Conclusion: CSF synaptic biomarkers increase in early preclinical stages of the Alzheimer’s continuum even when a low burden of Aβ pathology is present, and they differ in their association with age, sex, APOE-ε4, and markers of neurodegeneration.

Methods

The ALFA+ study includes 450 cognitively unimpaired participants at increased risk of Alzheimer's disease. The current dataset includes the 397 first consecutive participants with available cerebrospinal fluid biomarkers for Alzheimer's disease pathology and the synaptic biomarkers neurogranin, synaptotagmin-1, SNAP-25 and GAP-43.

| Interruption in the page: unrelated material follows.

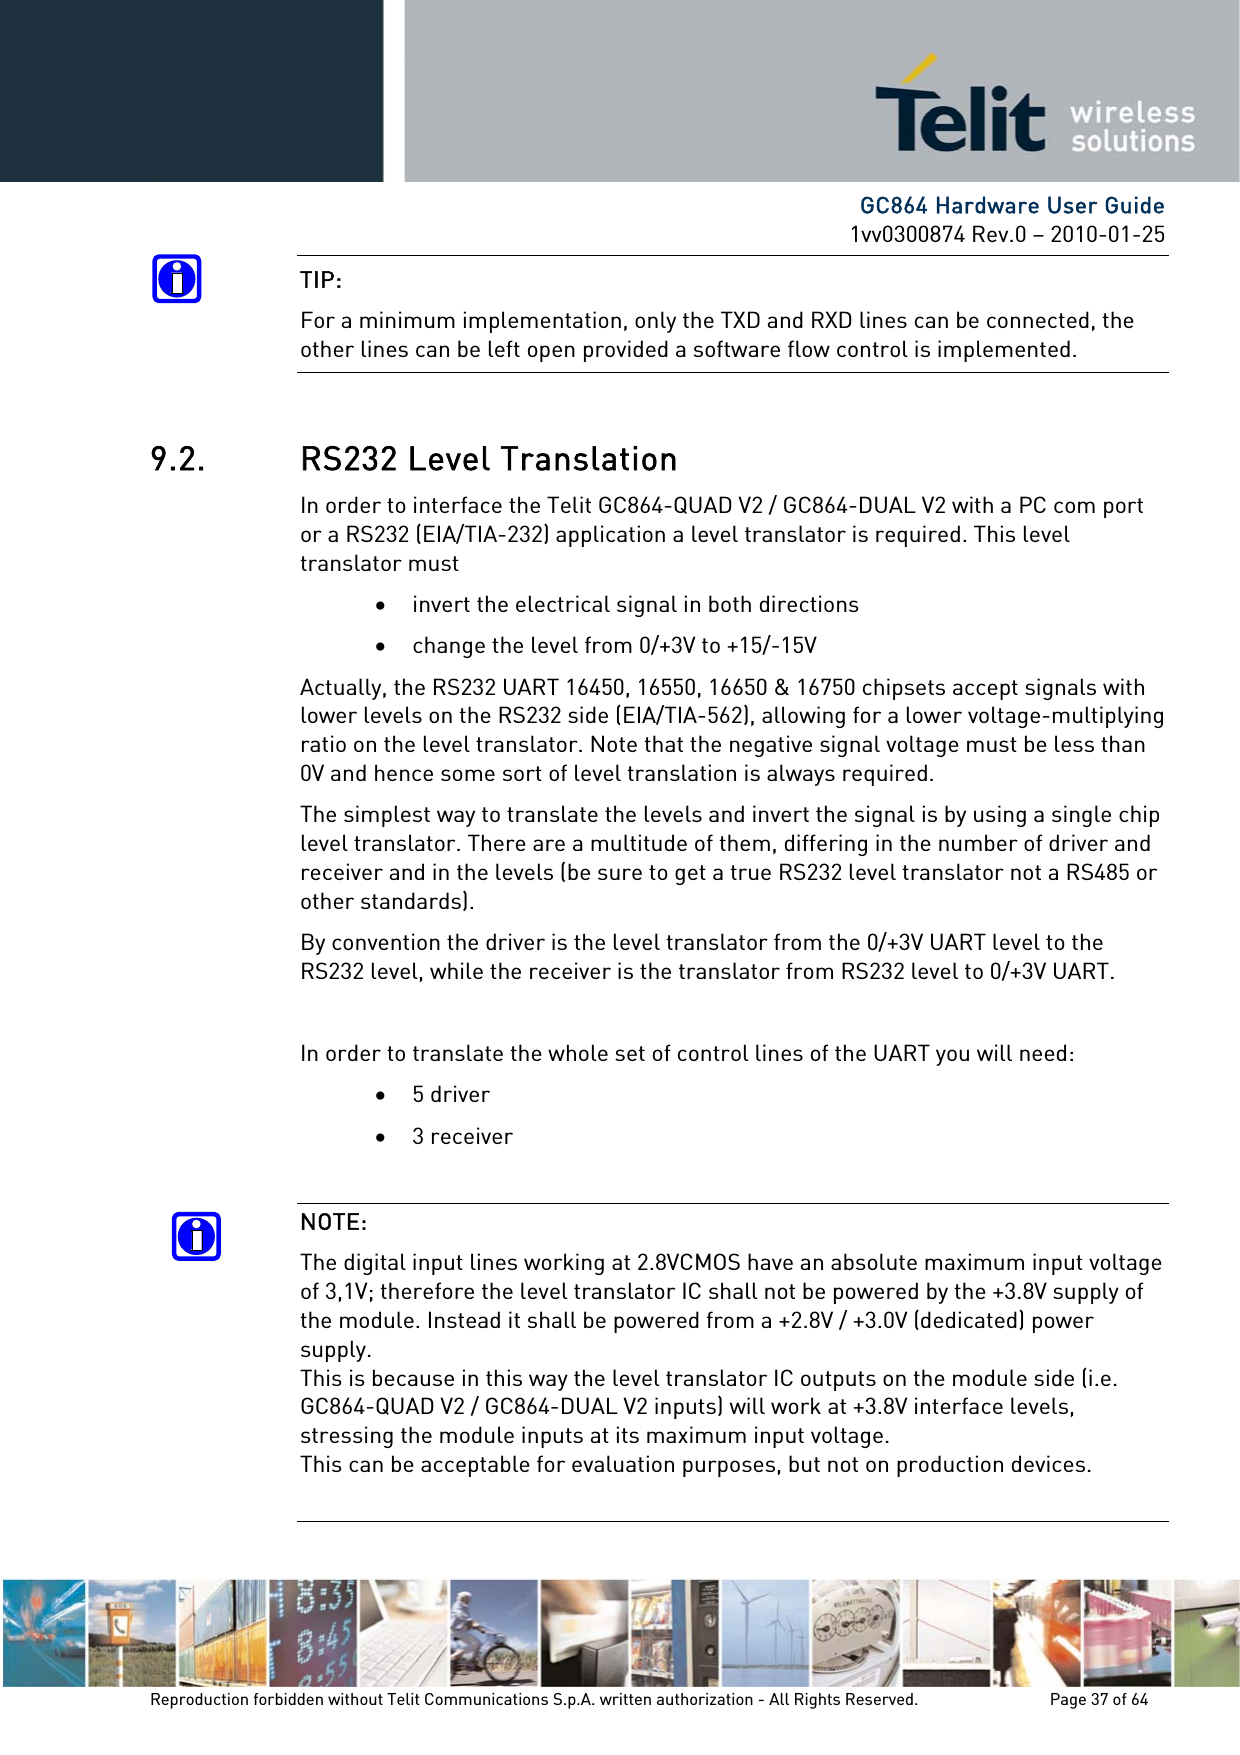      GC864 Hardware User Guide 1vv0300874 Rev.0 – 2010-01-25 Reproduction forbidden without Telit Communications S.p.A. written authorization - All Rights Reserved.    Page 37 of 64  TIP: For a minimum implementation, only the TXD and RXD lines can be connected, the other lines can be left open provided a software flow control is implemented.  9.2. RS232 Level Translation In order to interface the Telit GC864-QUAD V2 / GC864-DUAL V2 with a PC com port or a RS232 (EIA/TIA-232) application a level translator is required. This level translator must • invert the electrical signal in both directions • change the level from 0/+3V to +15/-15V Actually, the RS232 UART 16450, 16550, 16650 &amp; 16750 chipsets accept signals with lower levels on the RS232 side (EIA/TIA-562), allowing for a lower voltage-multiplying ratio on the level translator. Note that the negative signal voltage must be less than 0V and hence some sort of level translation is always required.  The simplest way to translate the levels and invert the signal is by using a single chip level translator. There are a multitude of them, differing in the number of driver and receiver and in the levels (be sure to get a true RS232 level translator not a RS485 or other standards). By convention the driver is the level translator from the 0/+3V UART level to the RS232 level, while the receiver is the translator from RS232 level to 0/+3V UART.  In order to translate the whole set of control lines of the UART you will need: • 5 driver • 3 receiver  NOTE: The digital input lines working at 2.8VCMOS have an absolute maximum input voltage of 3,1V; therefore the level translator IC shall not be powered by the +3.8V supply of the module. Instead it shall be powered from a +2.8V / +3.0V (dedicated) power supply. This is because in this way the level translator IC outputs on the module side (i.e.  GC864-QUAD V2 / GC864-DUAL V2 inputs) will work at +3.8V interface levels, stressing the module inputs at its maximum input voltage. This can be acceptable for evaluation purposes, but not on production devices.

CSF β-amyloid (Aβ) status was defined by the CSF Aβ42/40 ratio, and participants were classified as CSF Aβ-positive (A+) if CSF Aβ42/40 < 0.071. Furthermore, the following 3 groups based on both CSF and PET Aβ status (CSF/PET Aβ status groups) were defined: (1) CSF/PET Aβ-negative group (negative CSF Aβ42/40 and Aβ PET <30 Centiloids), (2) group with low burden of Aβ pathology (positive CSF Aβ42/40 but Aβ PET <30 Centiloids), and (3) CSF/PET Aβ-positive (positive CSF Aβ42/40 and Aβ PET ≥ 30 Centiloids).

Usage Notes

The following variables are included in the dataset:

Cerebrospinal fluid synaptic biomarkers:

 - "Neurogranin_pgml": referring to Neurogranin (pg/ml)

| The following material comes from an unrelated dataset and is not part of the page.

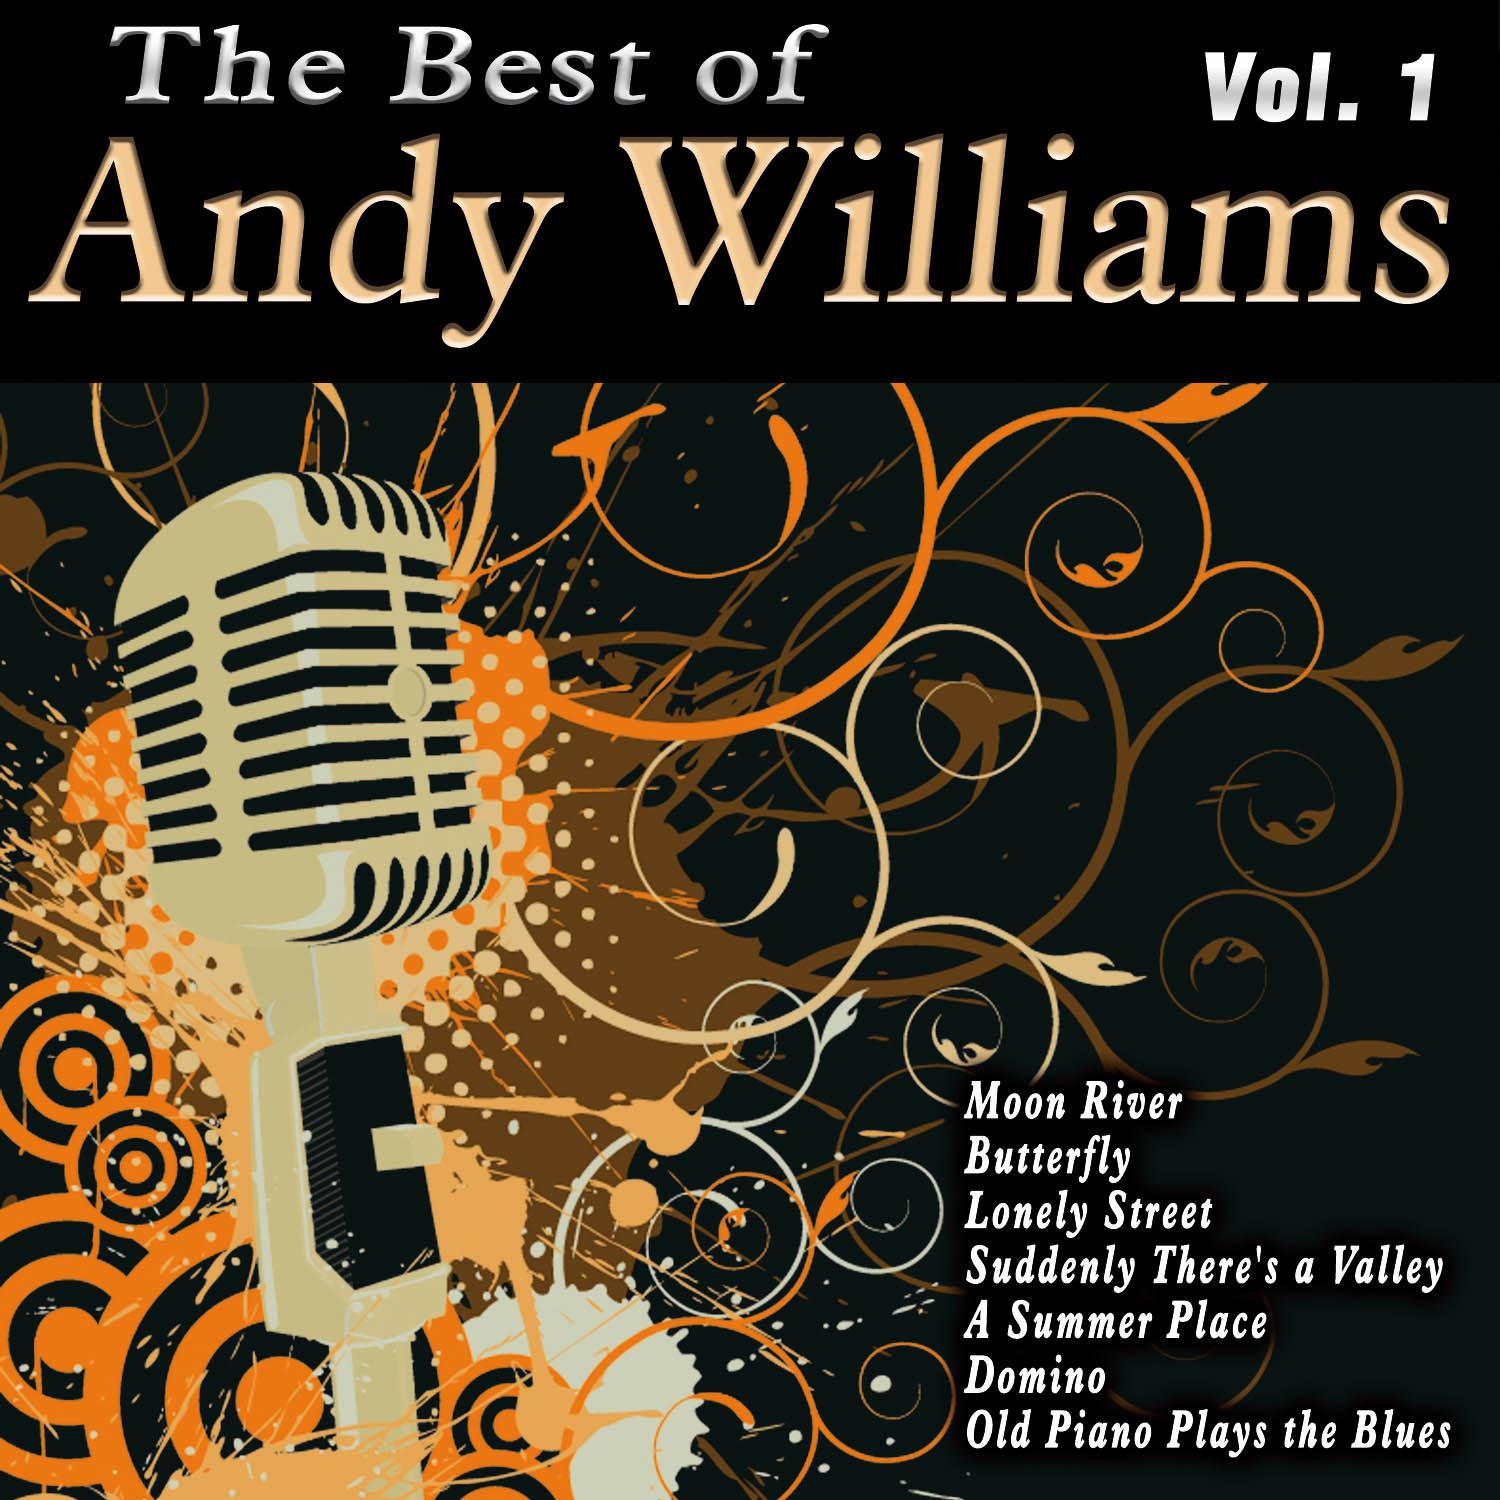 The Best of Andy Williams Vol. 1

 - "SYT1_pM": referring to Synaptotagmin-1 (pM)

 - "SNAP-25_pM": referring to synaptosomal-associated protein- 25 (SNAP-25) (pM)

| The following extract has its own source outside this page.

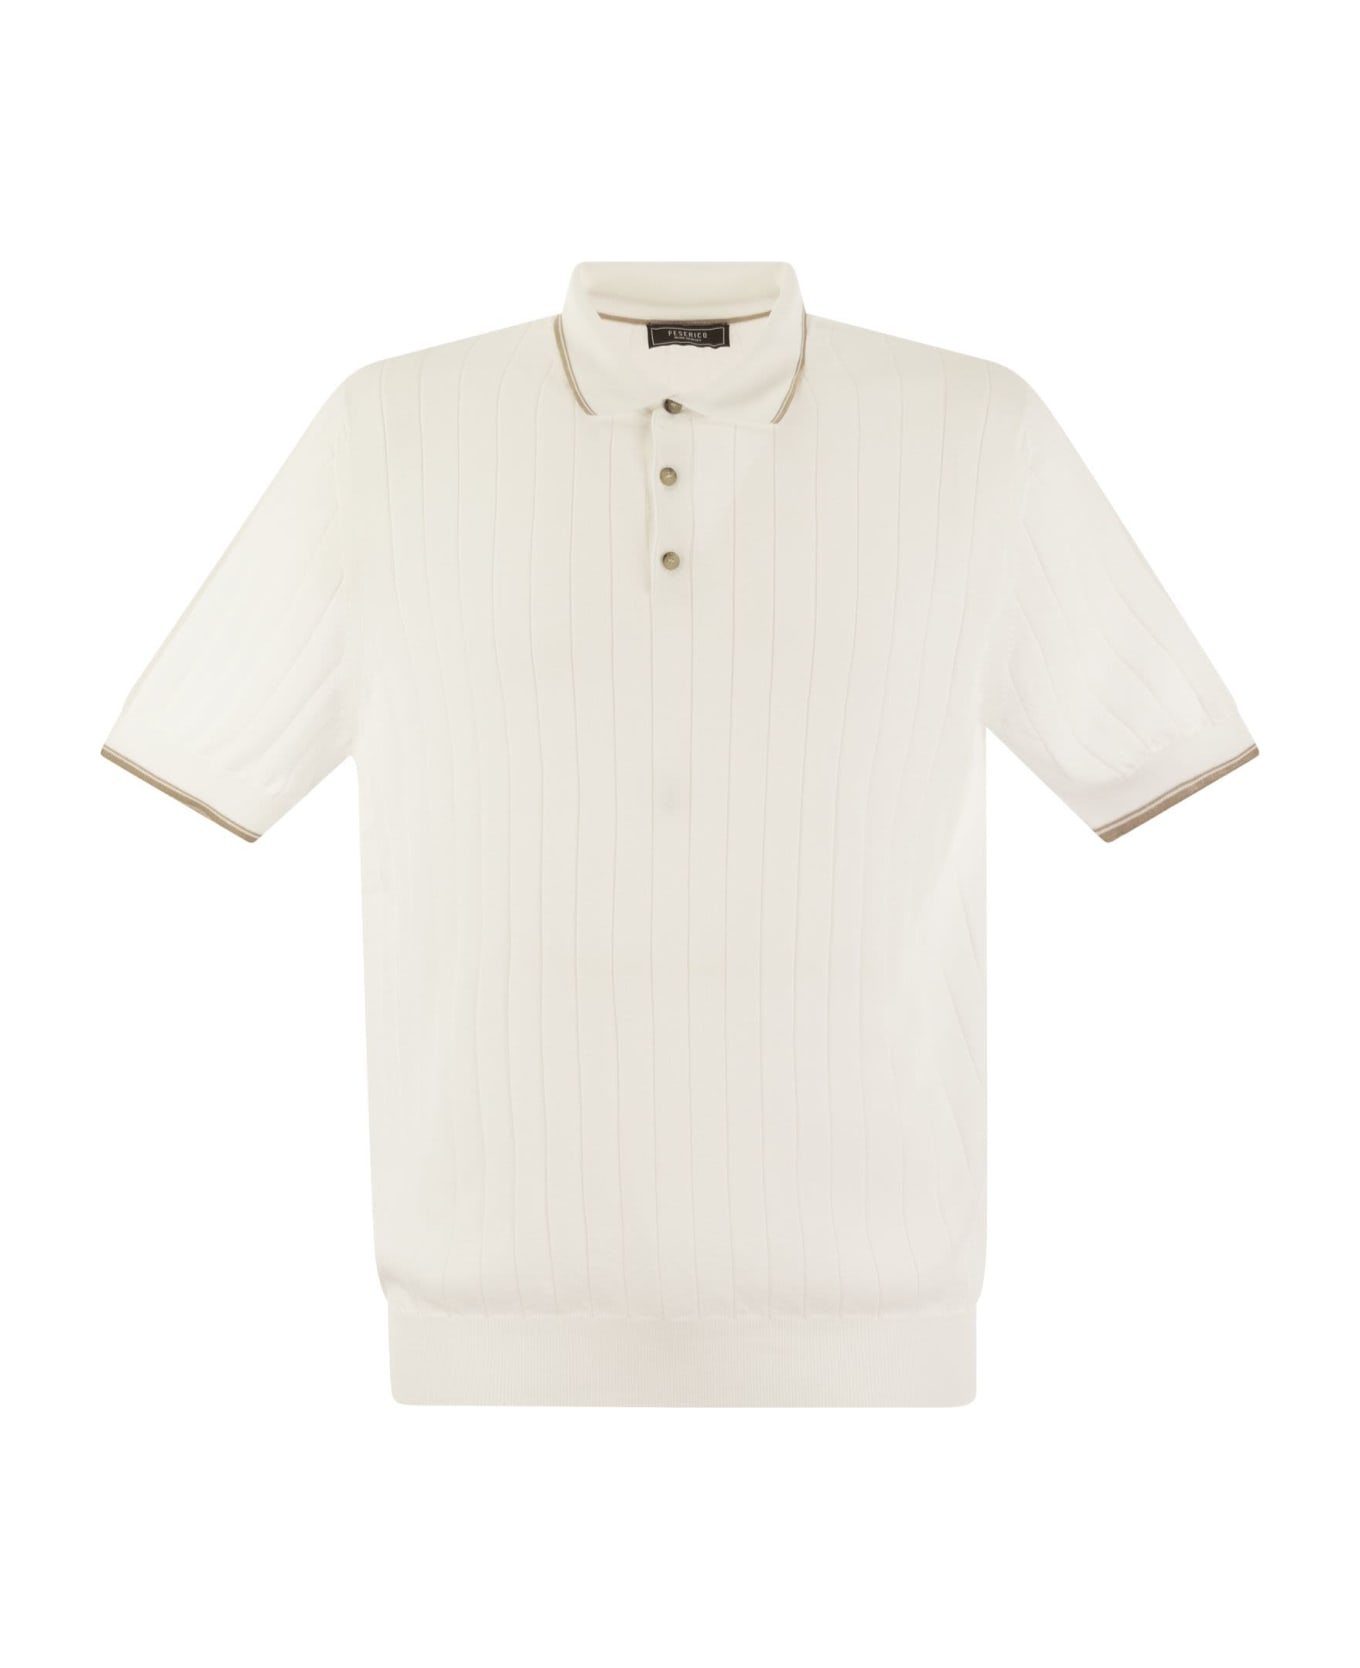 Peserico Polo Shirt In Pure Cotton Crepe Yarn With Flat Rib - White/beige

 - "GAP43_pgml": referring to growth-associated protein-43 (GAP-43) (pg/ml)

Participants' classification according to CSF/PET Aβ status groups

- "CSF_PET_Aβ group": referring to CSF/PET Aβ status groups, with 3 levels:

1) "CSF-PET-": CSF/PET Aβ-negative group (negative CSF Aβ42/40 and Aβ PET <30 Centiloids)

2) "CSF+PET-": group with low burden of Aβ pathology (positive CSF Aβ42/40 but Aβ PET <30 Centiloids)

3) "CSF+PET+": positive CSF Aβ42/40 and Aβ PET ≥ 30 Centiloids

Missing values are displayed as "NULL".